Gel mobility shift assays

Assays were generally performed as described previously (Fernández de Henestrosa et al., 1998), but with some slight modification. DNA probes were prepared by PCR amplification using the primers described in Table 3. (Note that only one of the two primers is 5′-labelled with DIG). PCR products were subsequently purified from a 2% low-melting-point agarose gel. LexA protein (0 nM, 2.5 nM, 5 nM, 10 nM, 25 nM, 50 nM and 100 nM) was incubated in a 5 µl final volume with each of the probes (0.5–1.0 ng) in binding buffer containing 10 mM N-2-hydroxyethyl-piperazine-N′ 2-ethanesulphonic acid (HEPES)-NaOH (pH 8), 10 mM Tris-HCl (pH 8), 5% glycerol, 50 mM NaCl, 1 mM EDTA, 1 mM DTT, 1 µg of pBluescript (Stratagene) and 50 µg ml−1 BSA. After 30 min incubation at 30°C, the mixture was loaded onto a 6% non-denaturing polyacrylamide gel prerun for 30 min at 100 V. The buffer used for electrophoresis was 25 mM Tris-HCl (pH 8), 250 mM glycine and 1 mM EDTA. DNA–protein complexes were separated by running the gel at 100 V for 2.5 h, after which time they were transferred to a negatively charged membrane, and the mobility of the probe was visualized according to the manufacturer’s recommendations (Boehringer Mannheim).

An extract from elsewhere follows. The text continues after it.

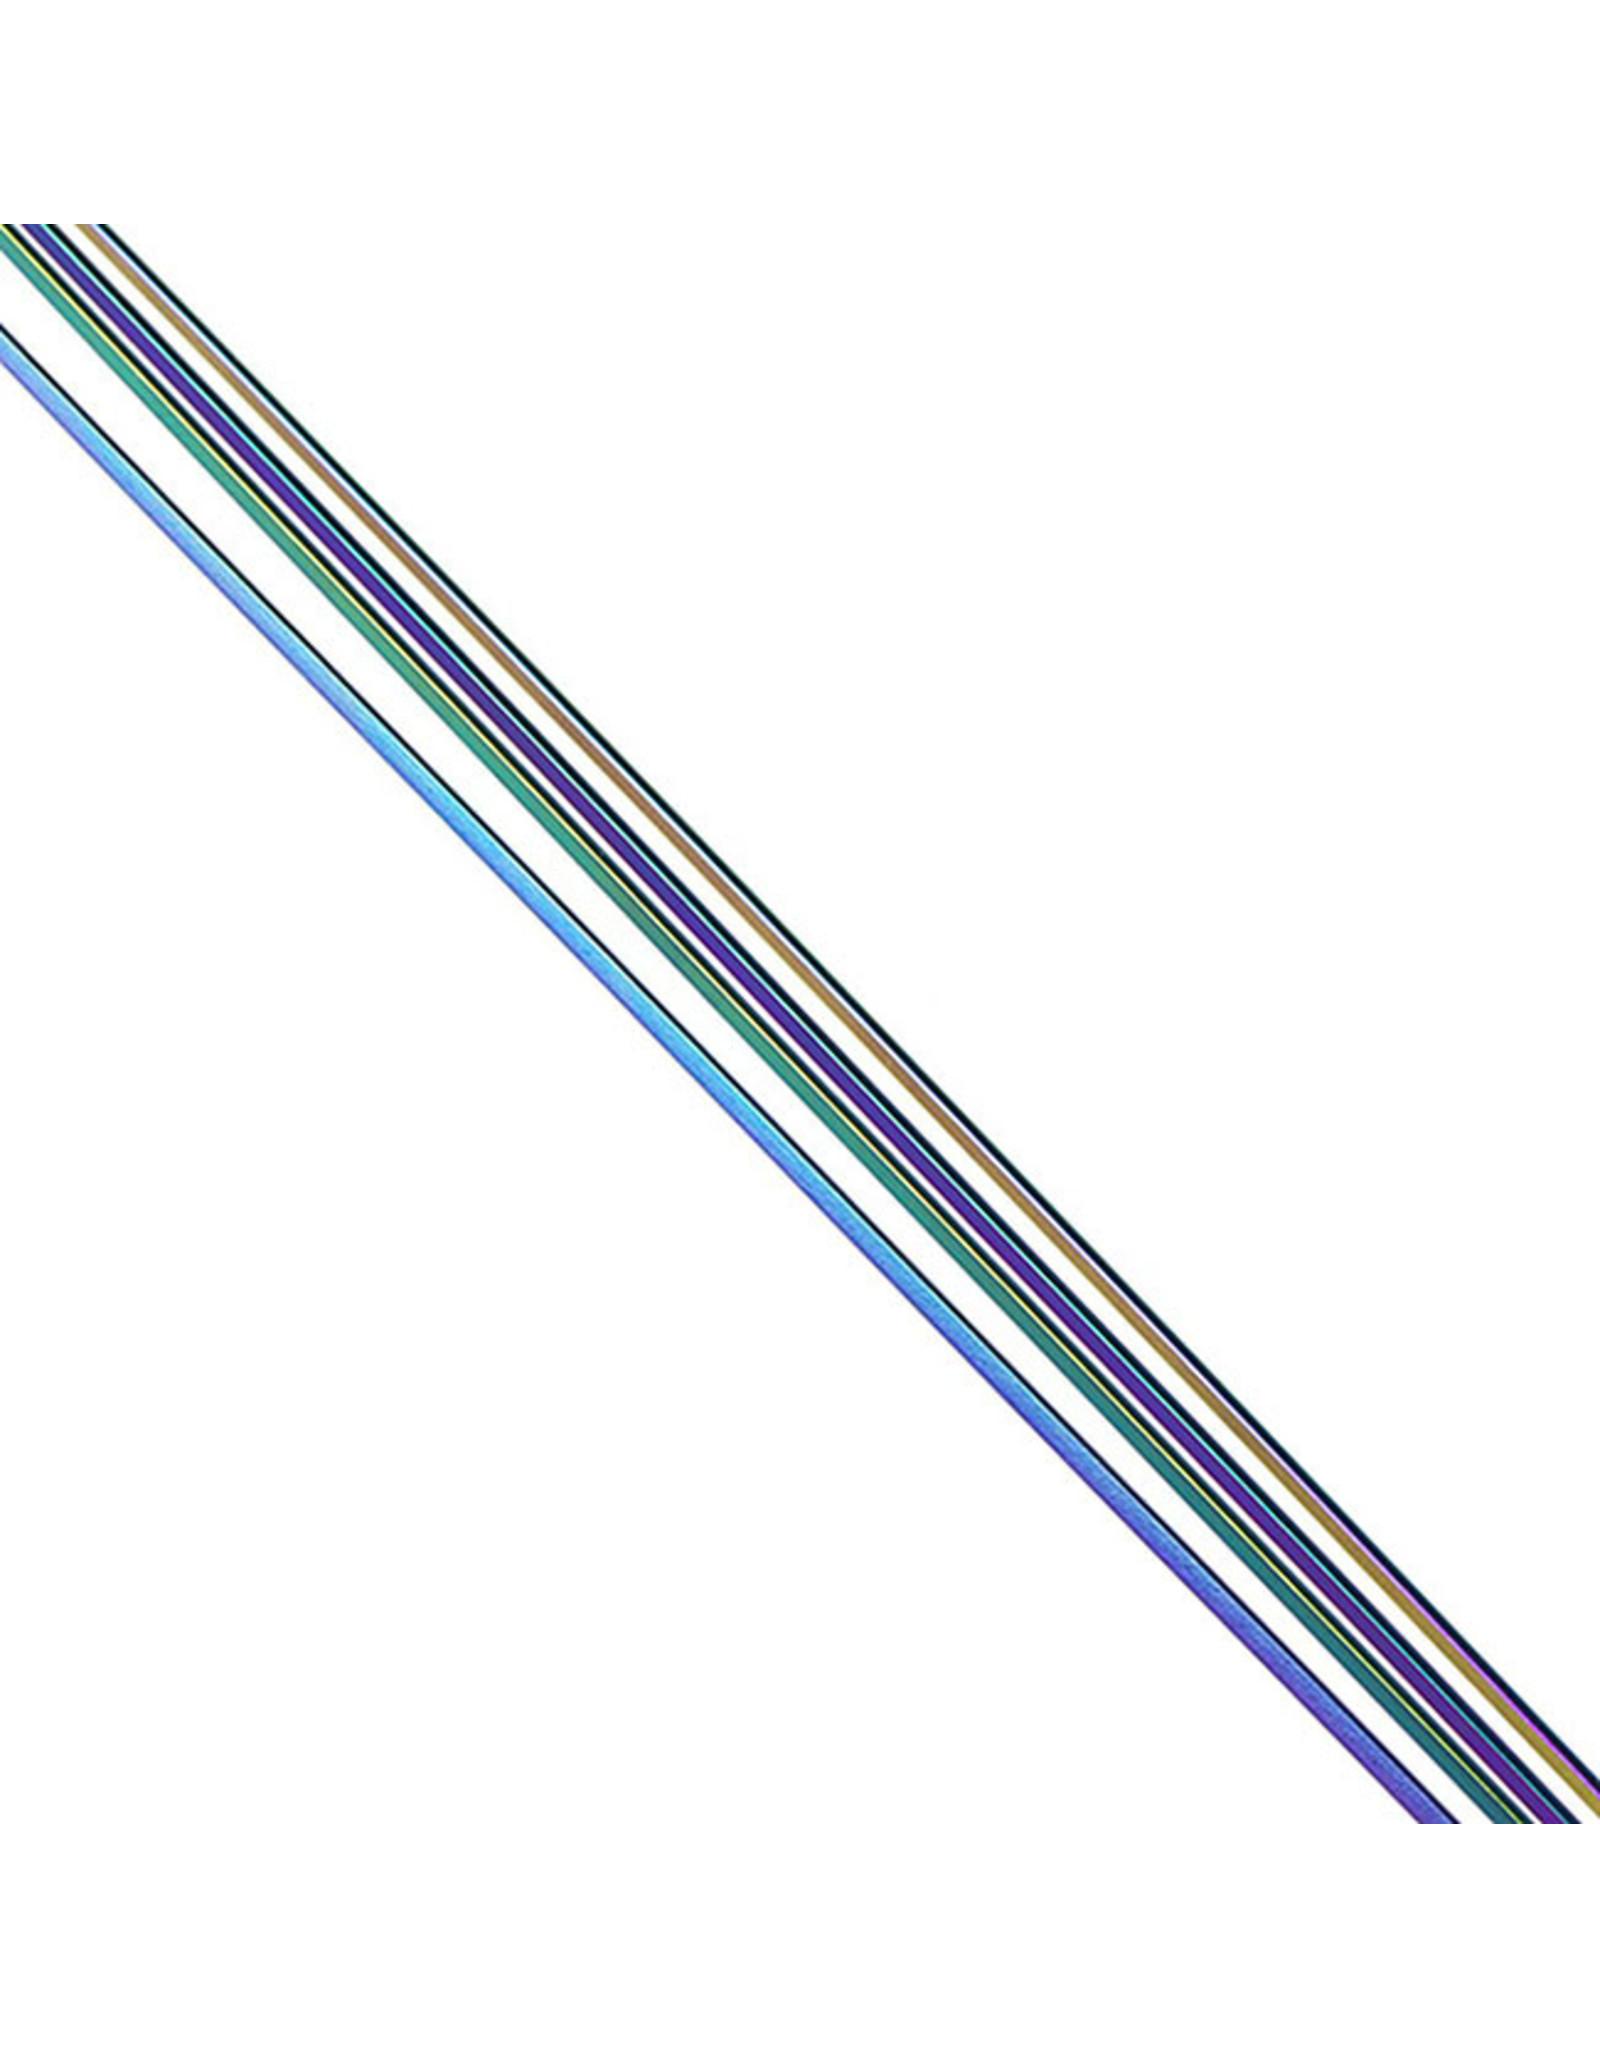 Pillar Spokes Pillar 1422 Bladed SS Rainbow Spokes

Labelled DNA fragments containing ydjM promoter sequences for hydroxyl radical footprint analysis

Primers complementary to sequences bracketing the putative LexA sites in the ydjM promoter were designed. Approximately 1.5 µg of the upstream primer ydjMUS (5′-TCAACTGACGGATTAATCGTC-3′) and the downstream primer ydjMDS (5′-CCGCACAAGCAATAGAAAAG-3′) were 5′ radiolabelled in separate reactions with T4 polynucleotide kinase (T4 PNK) and 100 µCi of [γ-32P]-dATP (6000 Ci mmol−1) for 30 min at 37°C. Each labelled primer was used in independent PCR reactions containing 1.5 µg of the complementary unlabelled primer, 150 ng of E. coli genomic DNA, 10 mM dNTPs and 5 units of Taq DNA polymerase (Gibco/Life Technologies). PCR DNA was precipitated and separated on a 1.8% agarose gel containing 1× TBE. After separation, the 154 bp radioactively end-labelled product was revealed by ethidium bromide staining. The labelled fragment was electroeluted from the gel slice, and the DNA was precipitated and dissolved in 200 µl of TE buffer (10 mM Tris-Cl, pH 8.0, 1 mM EDTA) and stored at 4°C until needed.

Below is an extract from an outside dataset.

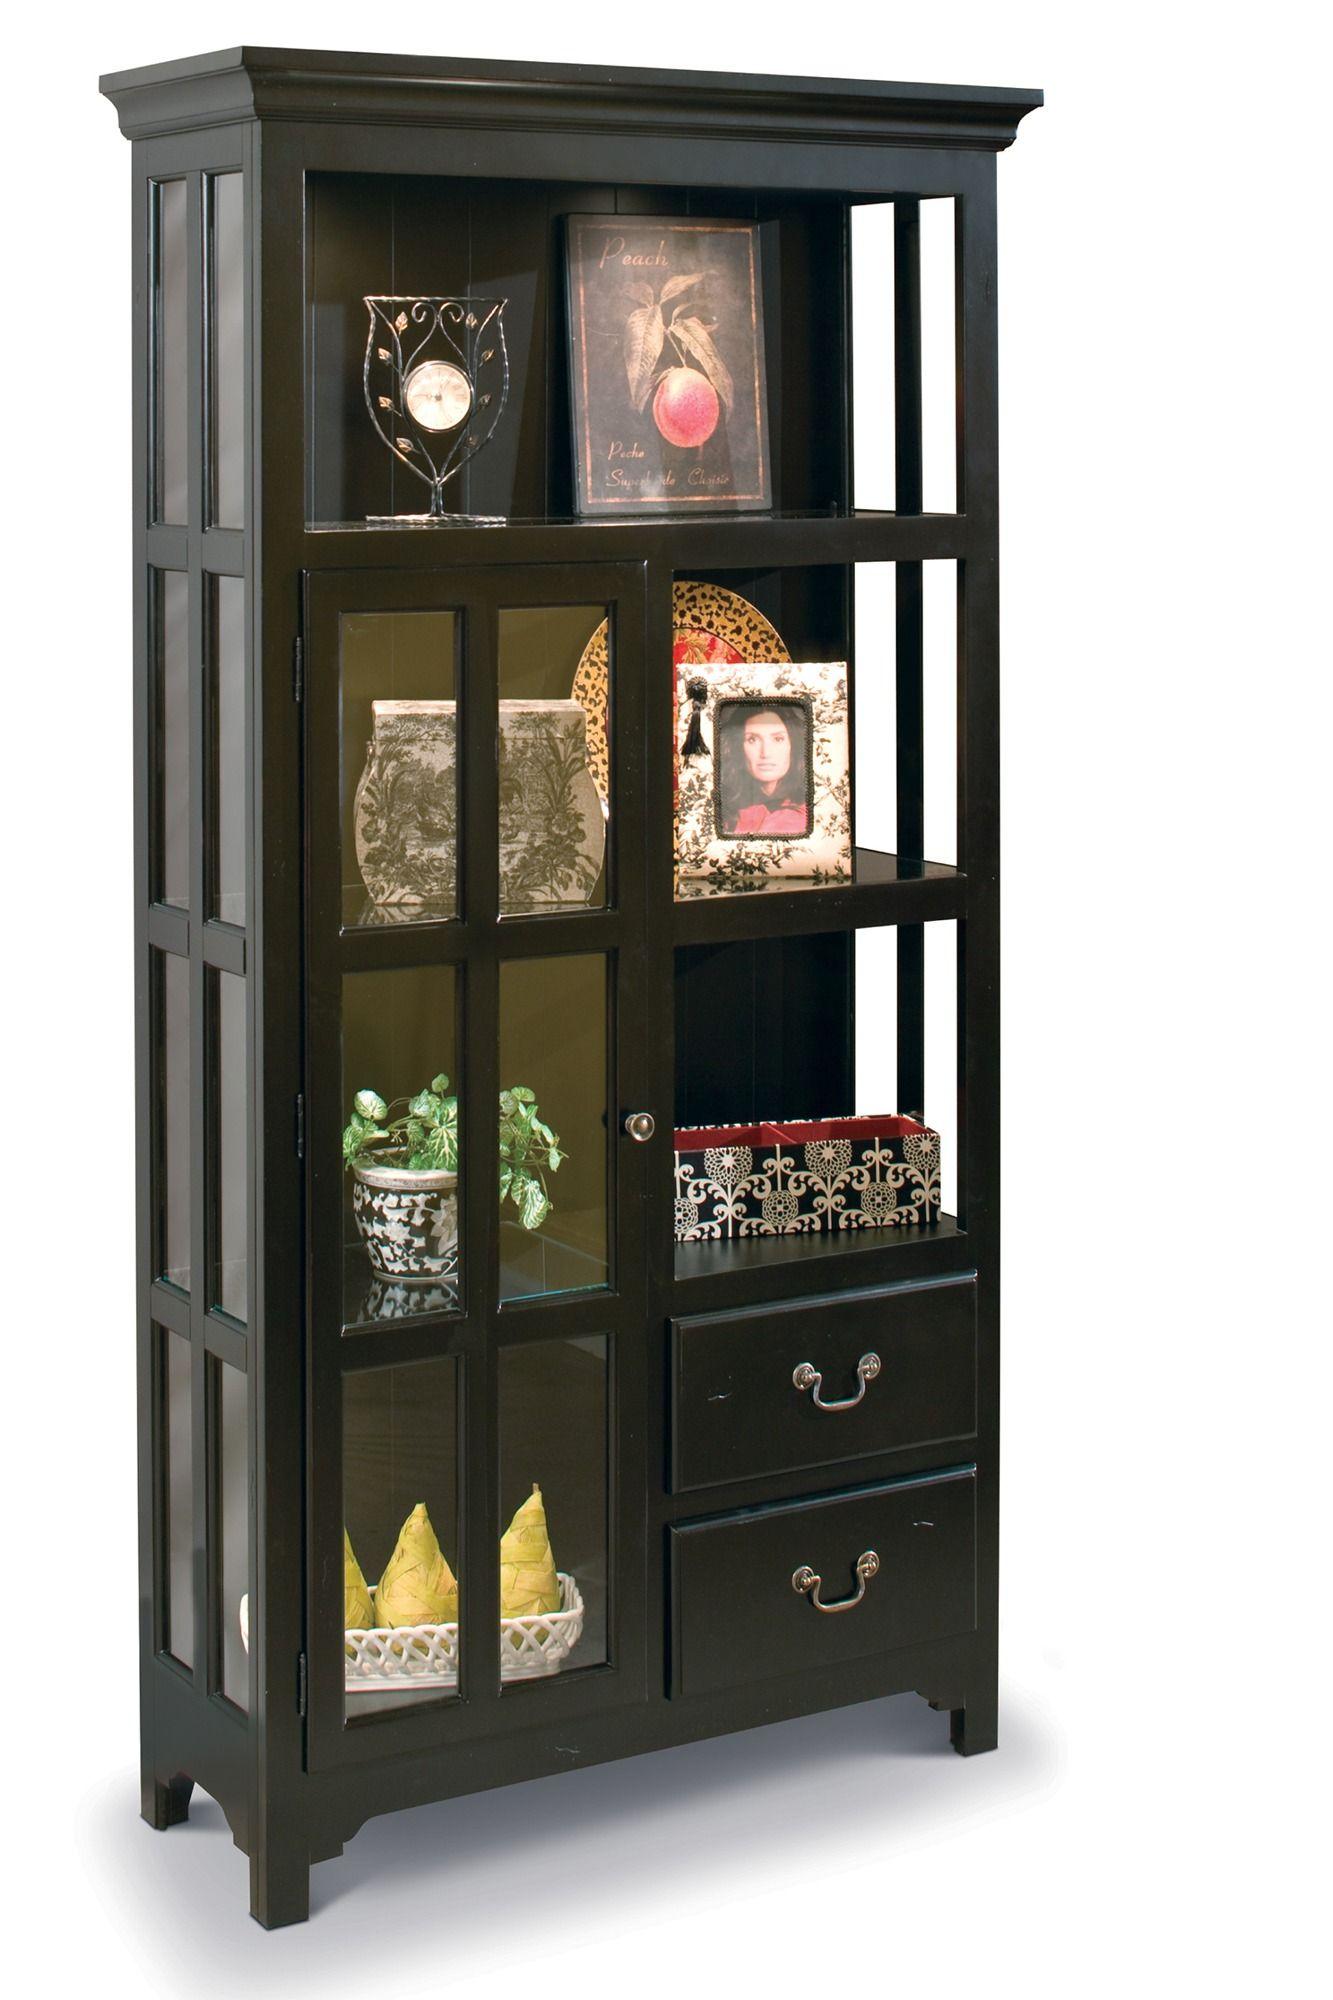 New Haven Display Cabinet In Black | Philip Reinisch | Home Gallery Stores

Hydroxyl radical footprint analysis

Labelled ydjM DNA fragment (60 ng; labelled on either end) was mixed with increasing amounts of LexA protein in a total of 28 µl containing 1 × binding buffer (10 mM Tris-Cl, pH 8.0, 50 mM NaCl, 1 mM DTT, 50 µg ml−1 BSA) at room temperature for 30 min. Four microlitres of 1 mM Fe(II)/EDTA (100 µM final) and 4 µl of 20 mM sodium ascorbate (2 mM final) were pipetted onto the side of the tube. The hydroxyl radical cleavage reaction was initiated by adding 4 µl of a 0.12% hydrogen peroxide solution to the drop, and the drop was rapidly mixed with the binding reaction. The cleavage reaction was incubated at room temperature for 2 min and then stopped by adding 15 µl of stop solution (400 mM thiourea, 100 mM EDTA, 1.2 M sodium acetate, 0.8% SDS). The DNA was purified by ethanol precipitation and resuspended in formamide/loading solution, denatured at 90°C for 2 min, and cleavage products were separated on 6% sequencing gels. Gels were dried and analysed on a Molecular Dynamics PhosphorImager.

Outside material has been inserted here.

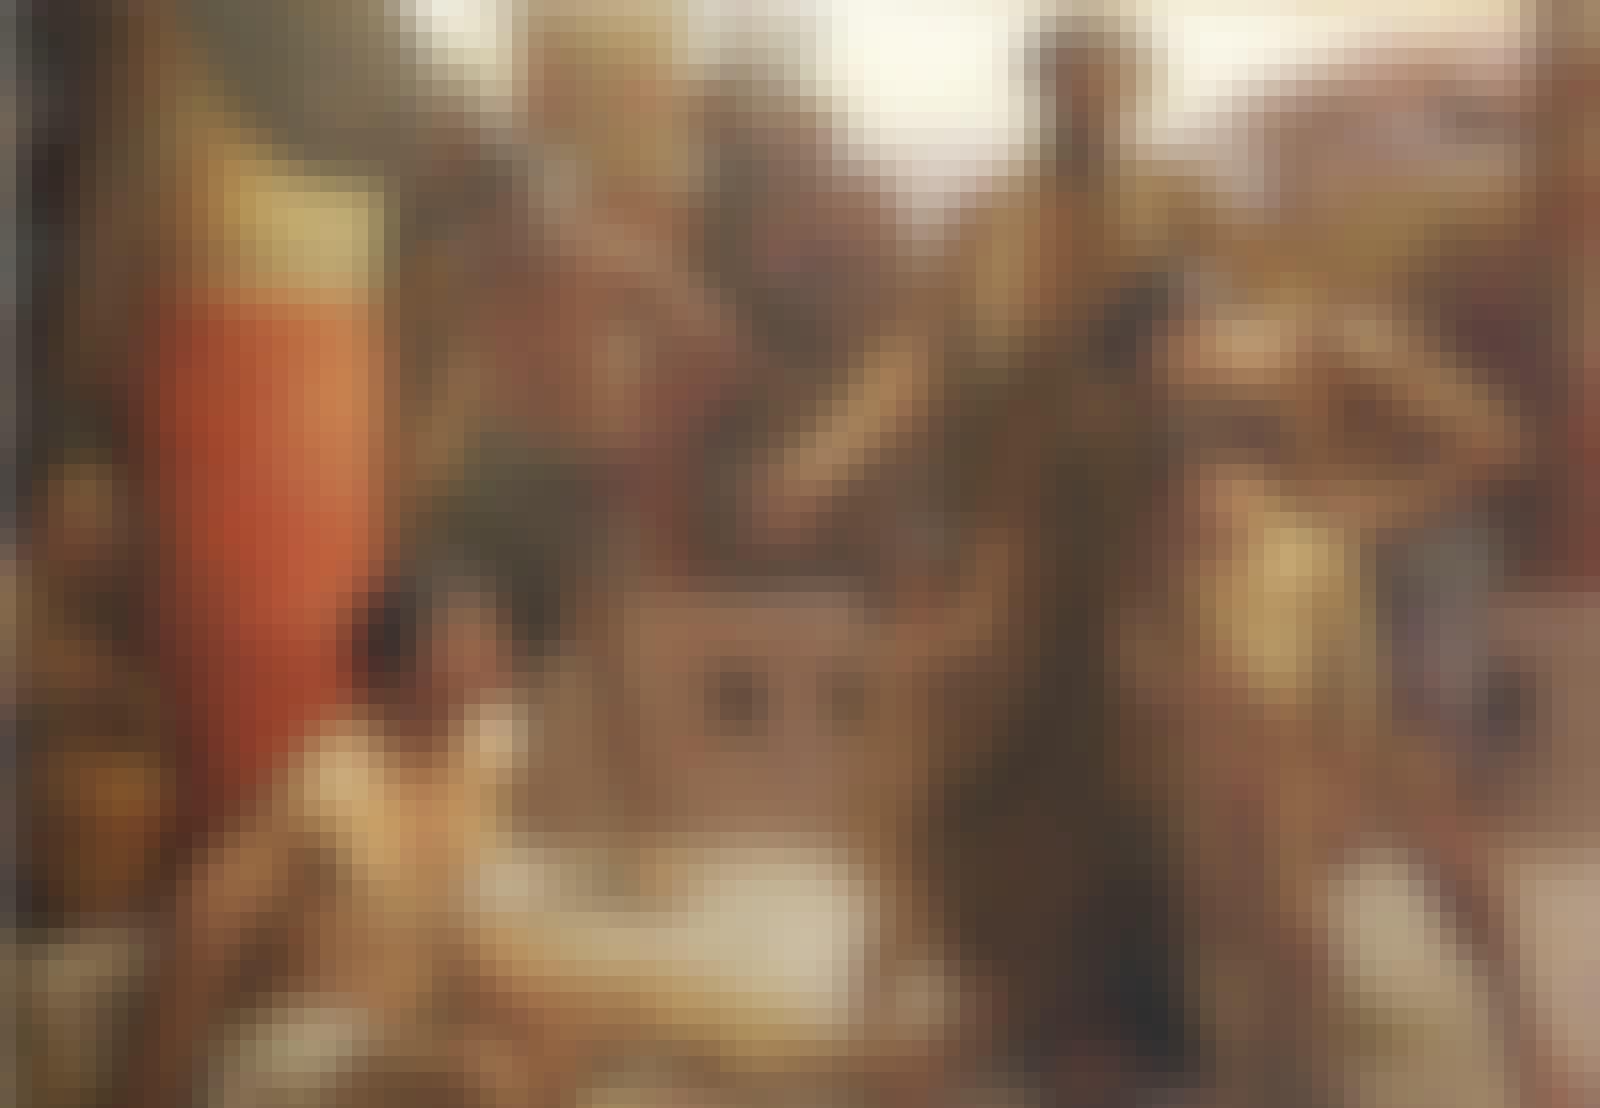 Sparta, antikken, slave

We thank John Little for the E. coli LexA-overproducing plasmid, pJWL288 and for helpful discussions. This work was supported in part by the NIH intramural research programme, by NIH/NIGMS grant GM52426 to J. J. Hayes, and by a grant from the Ministry of Education, Science, Sports and Culture of Japan (no. 08280104) to H. Ohmori.